What the task asks -> Excluding pictures, what does the listing below contain from the line with "Pancake day > other days red tote bag" up to and including the line with "MultiMax Breathable Inflator", word for word?

Materials provided ->
◇ ◇ ◇ ◇
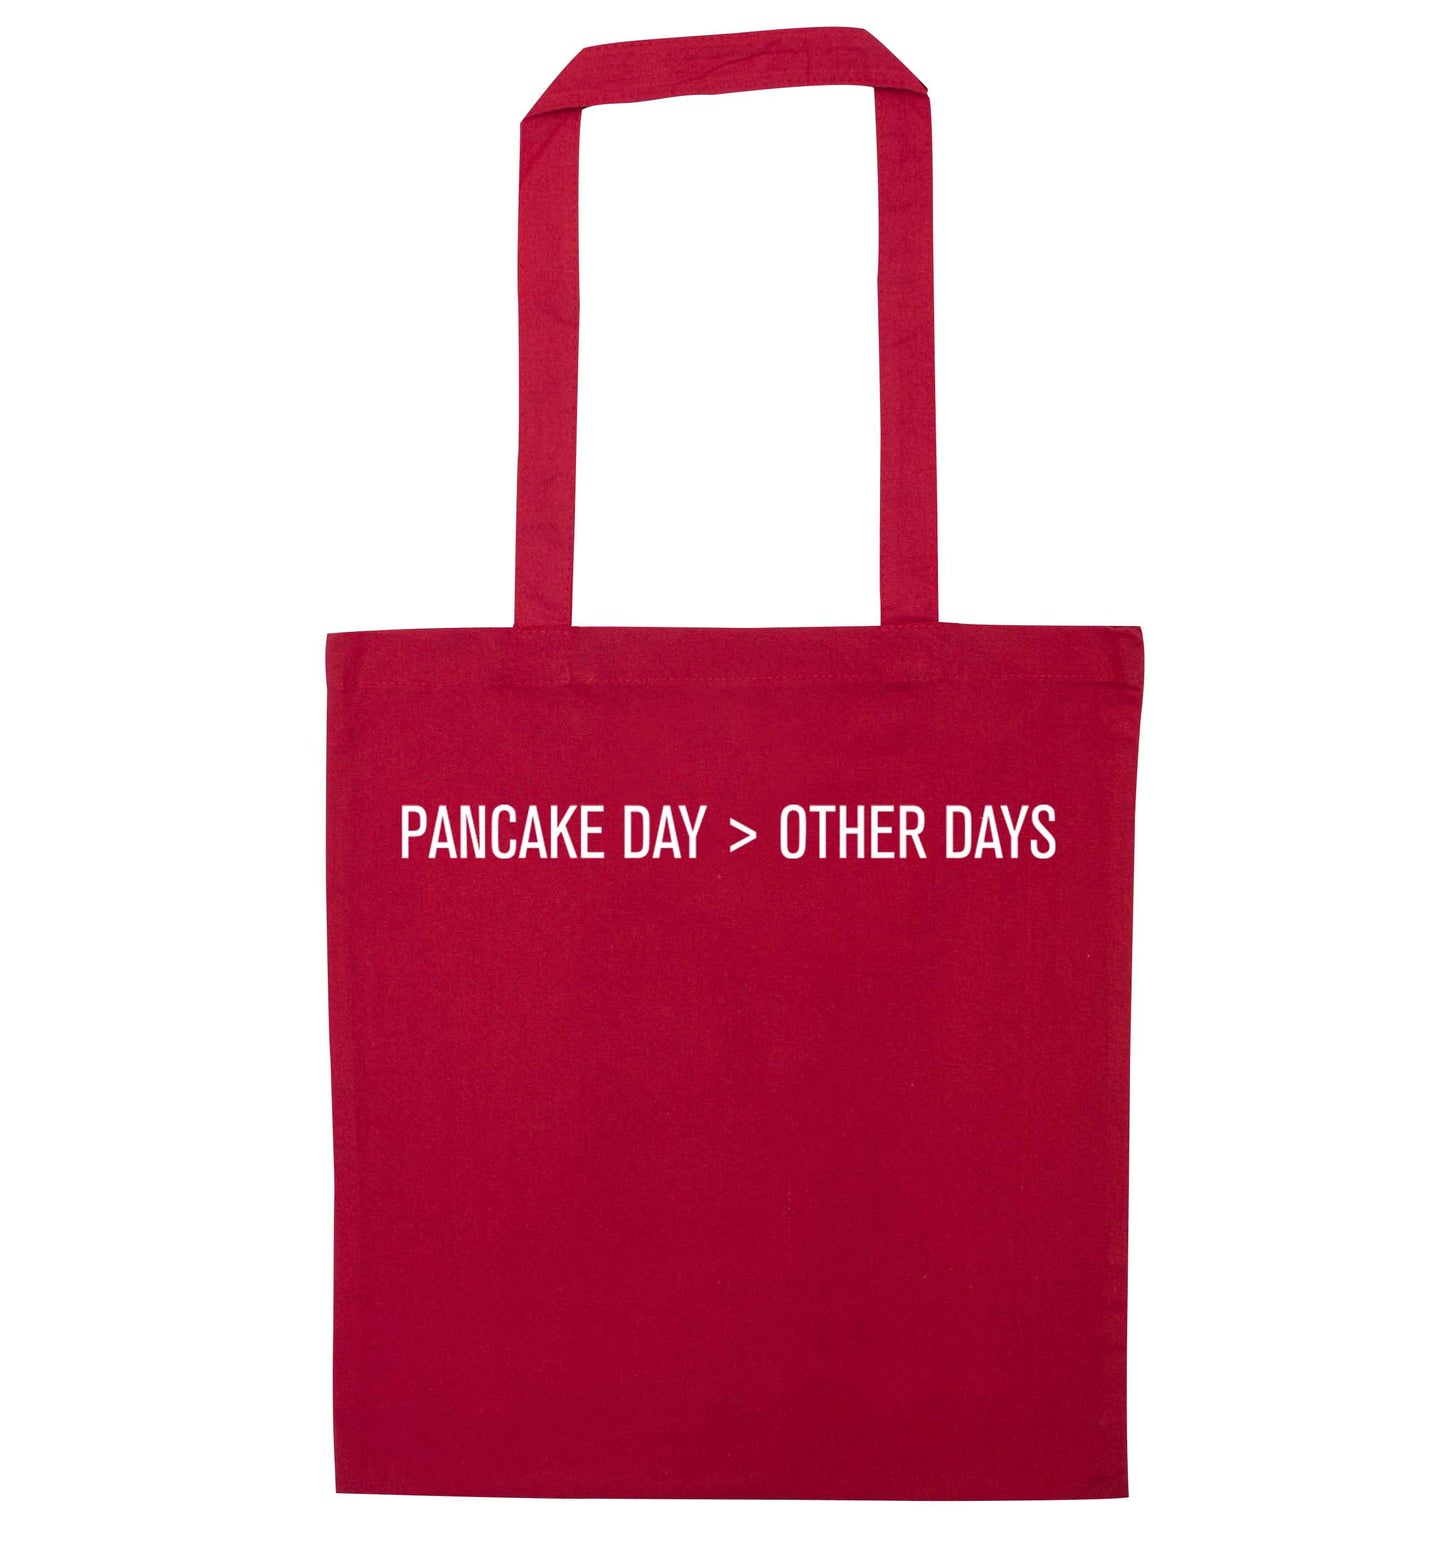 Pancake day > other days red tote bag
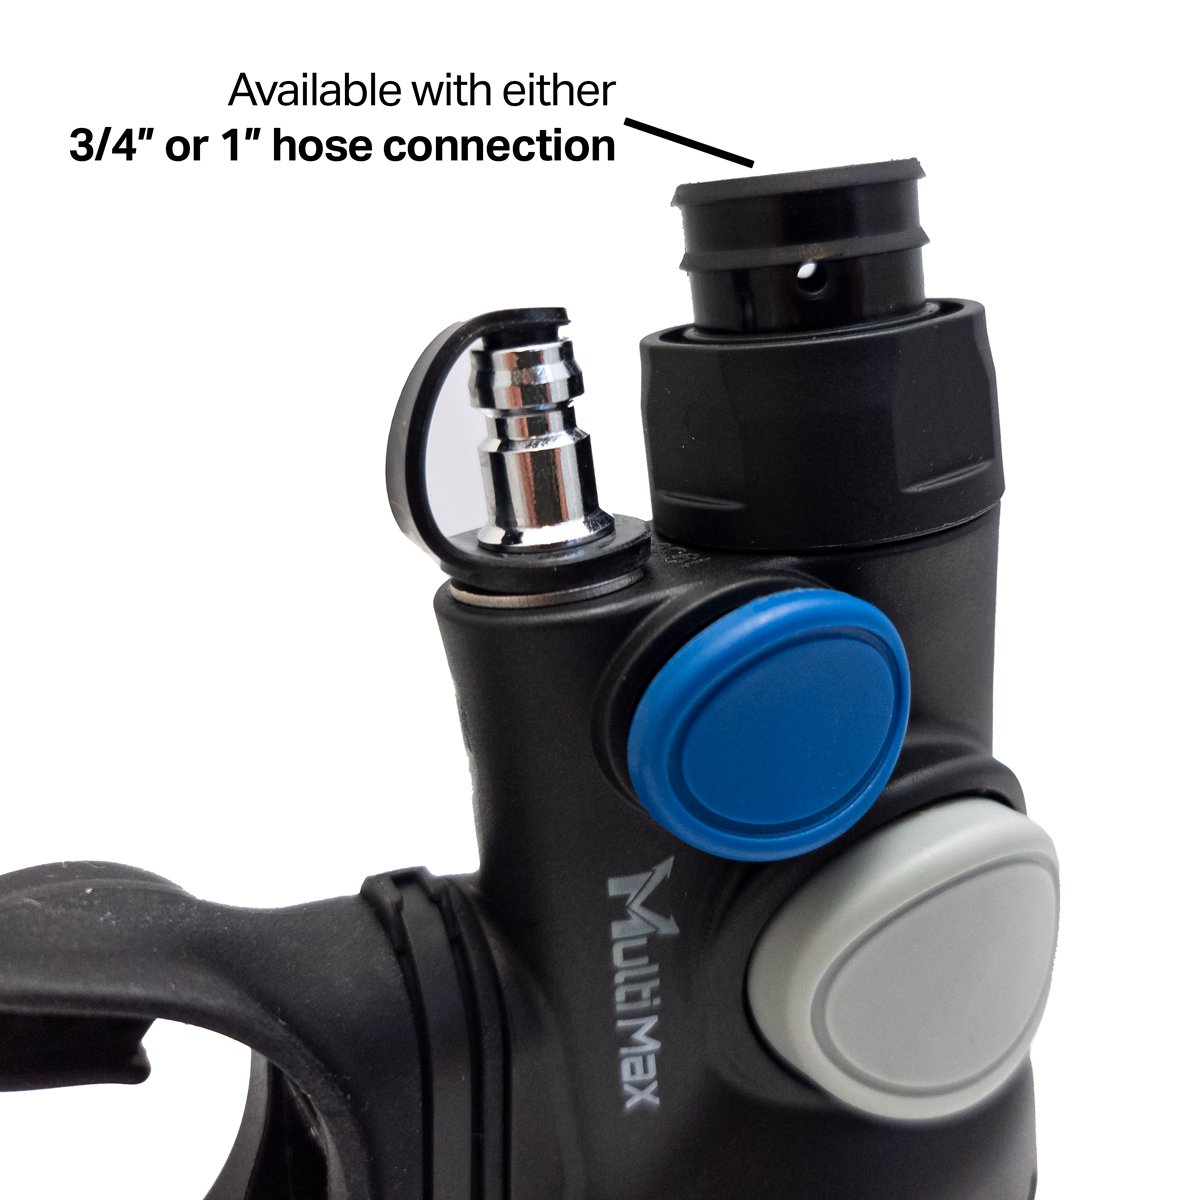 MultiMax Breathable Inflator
◇ ◇ ◇ ◇
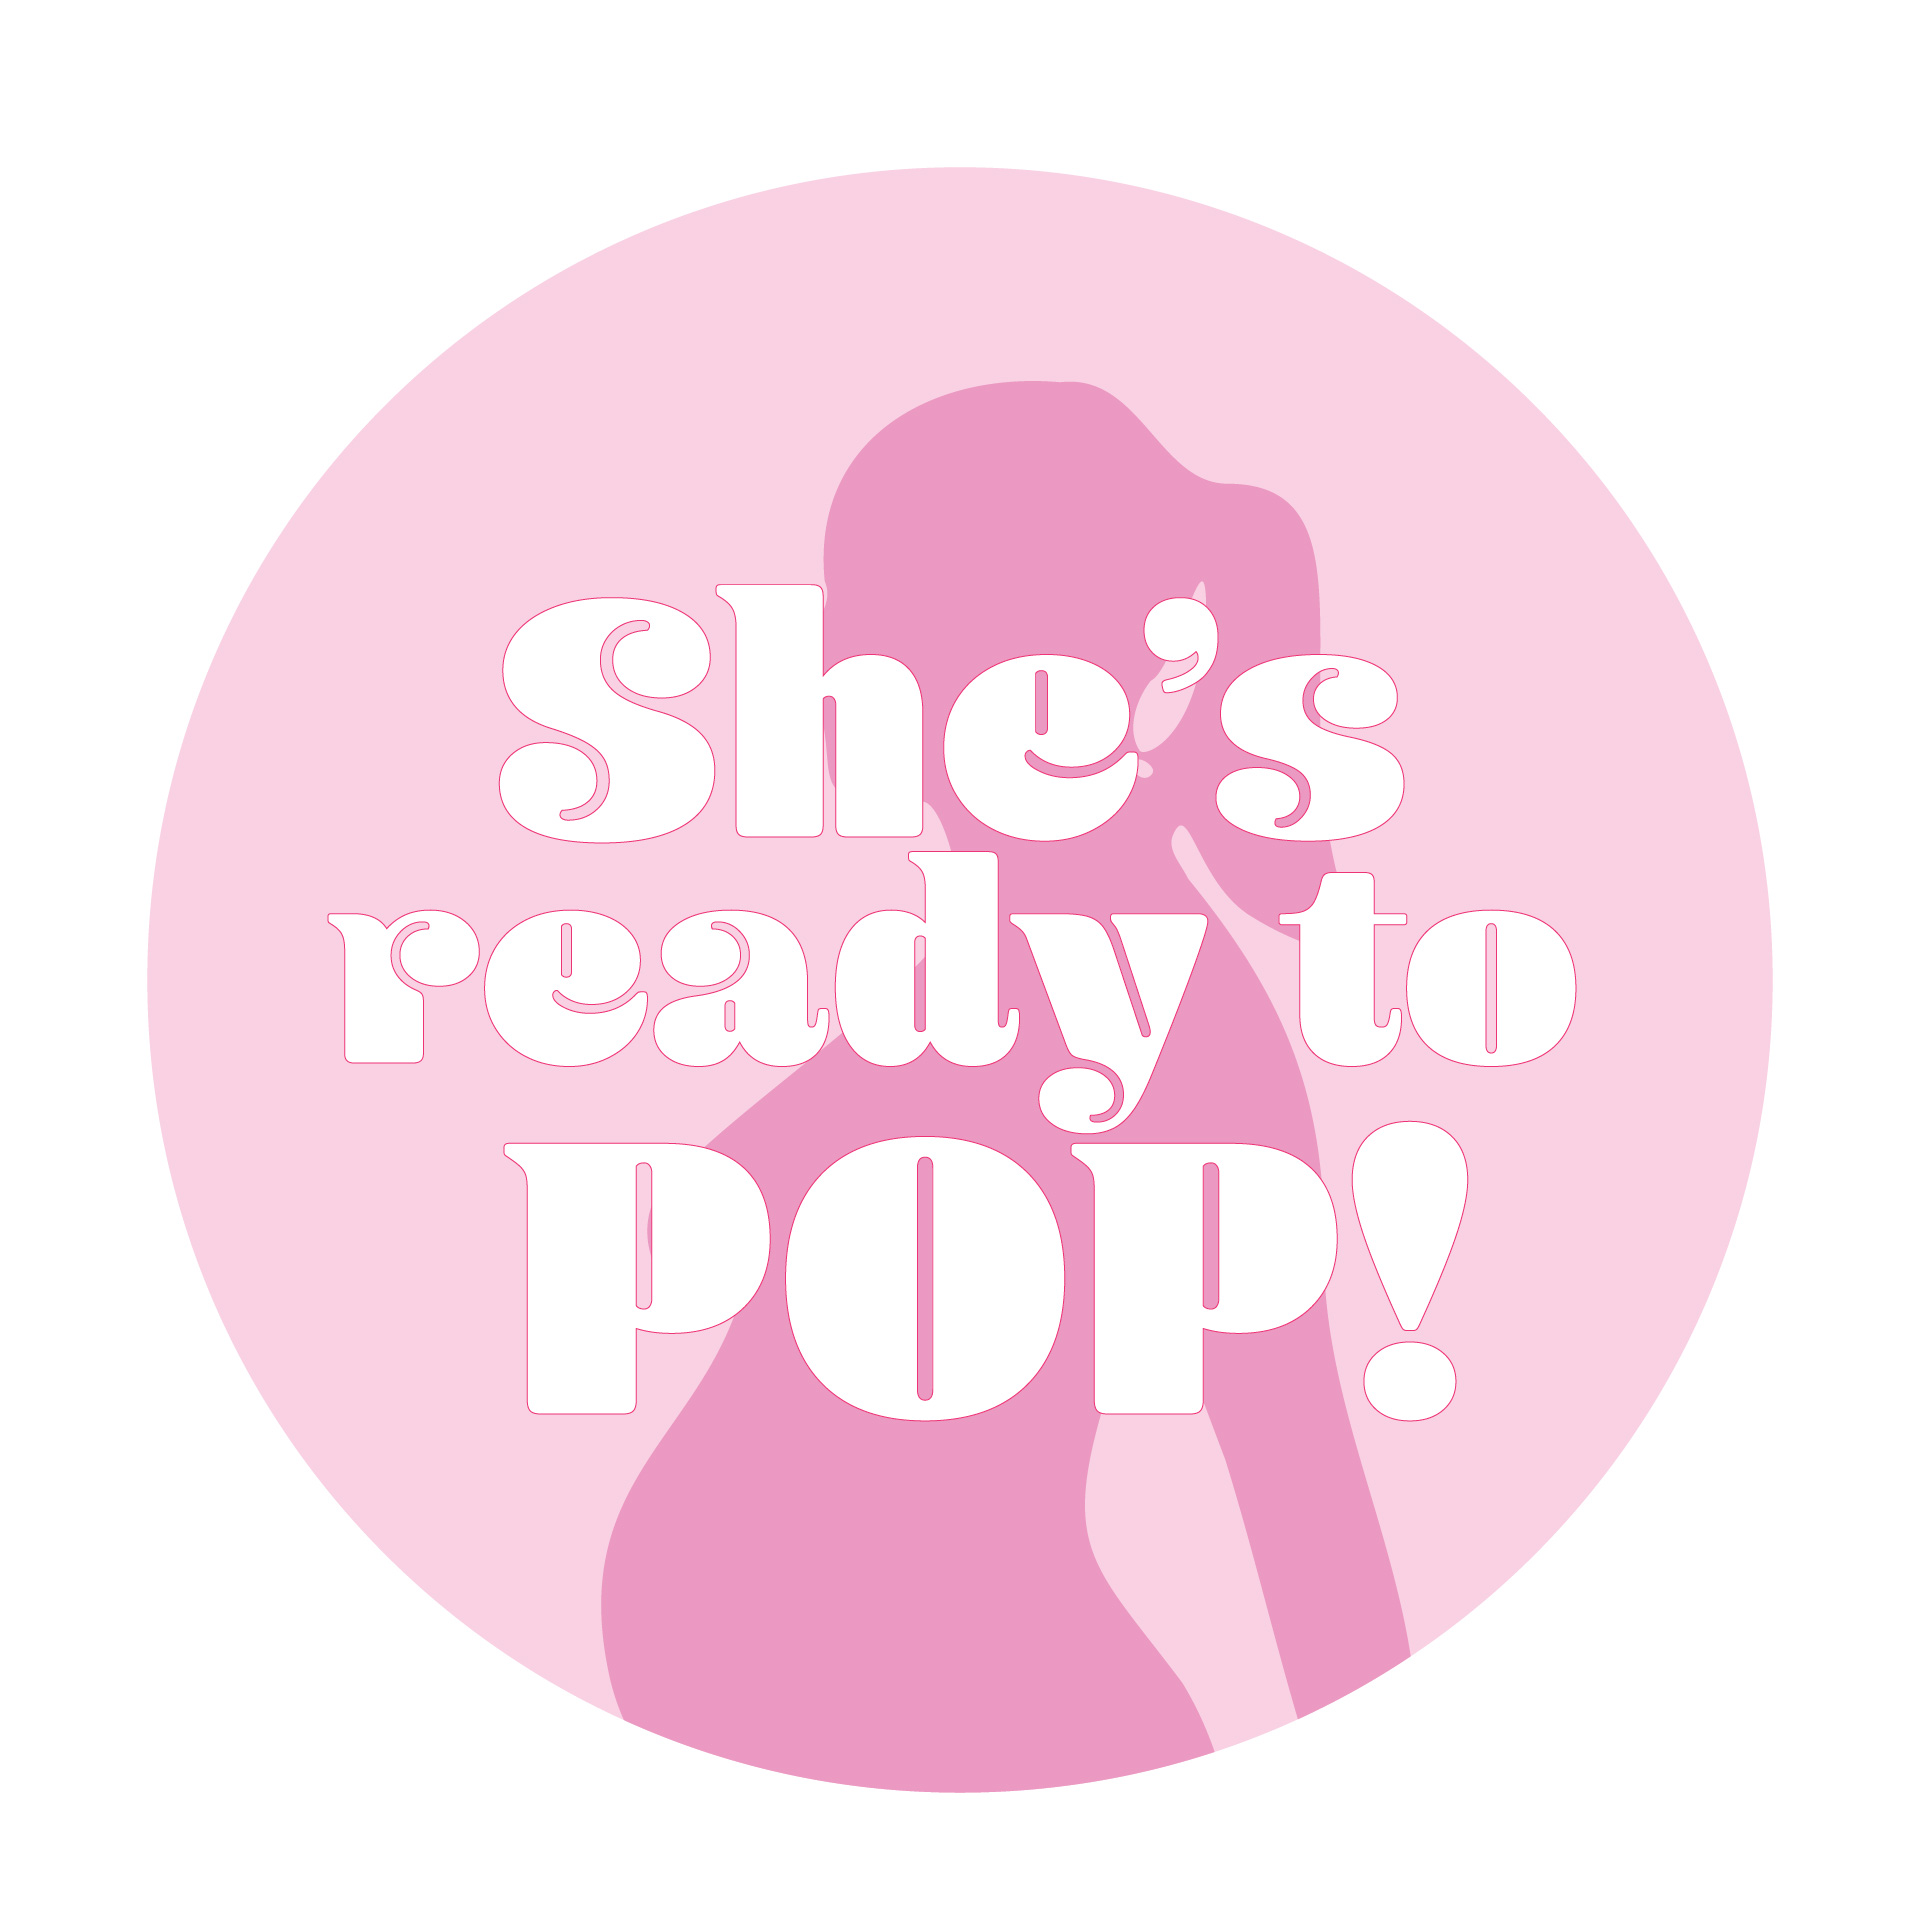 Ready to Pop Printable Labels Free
◇ ◇ ◇ ◇
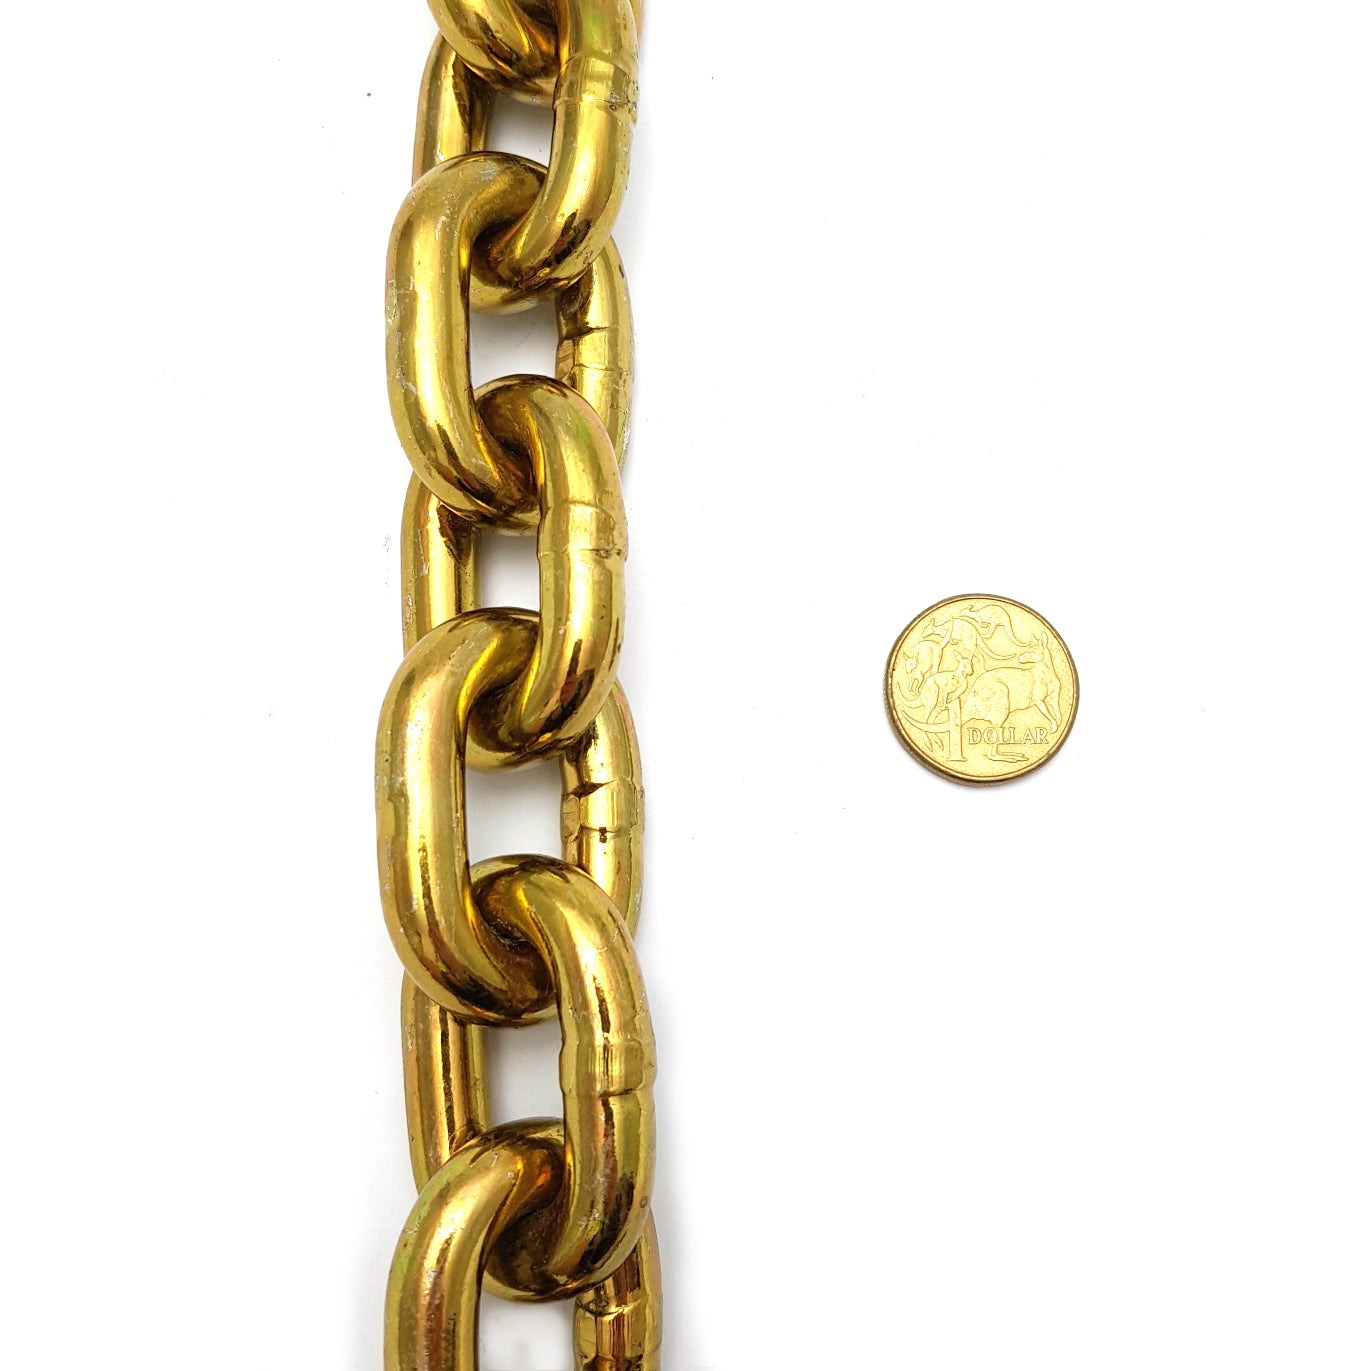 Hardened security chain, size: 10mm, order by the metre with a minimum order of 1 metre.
◇ ◇ ◇ ◇
Response below ->
 Pancake day > other days red tote bag
 MultiMax Breathable Inflator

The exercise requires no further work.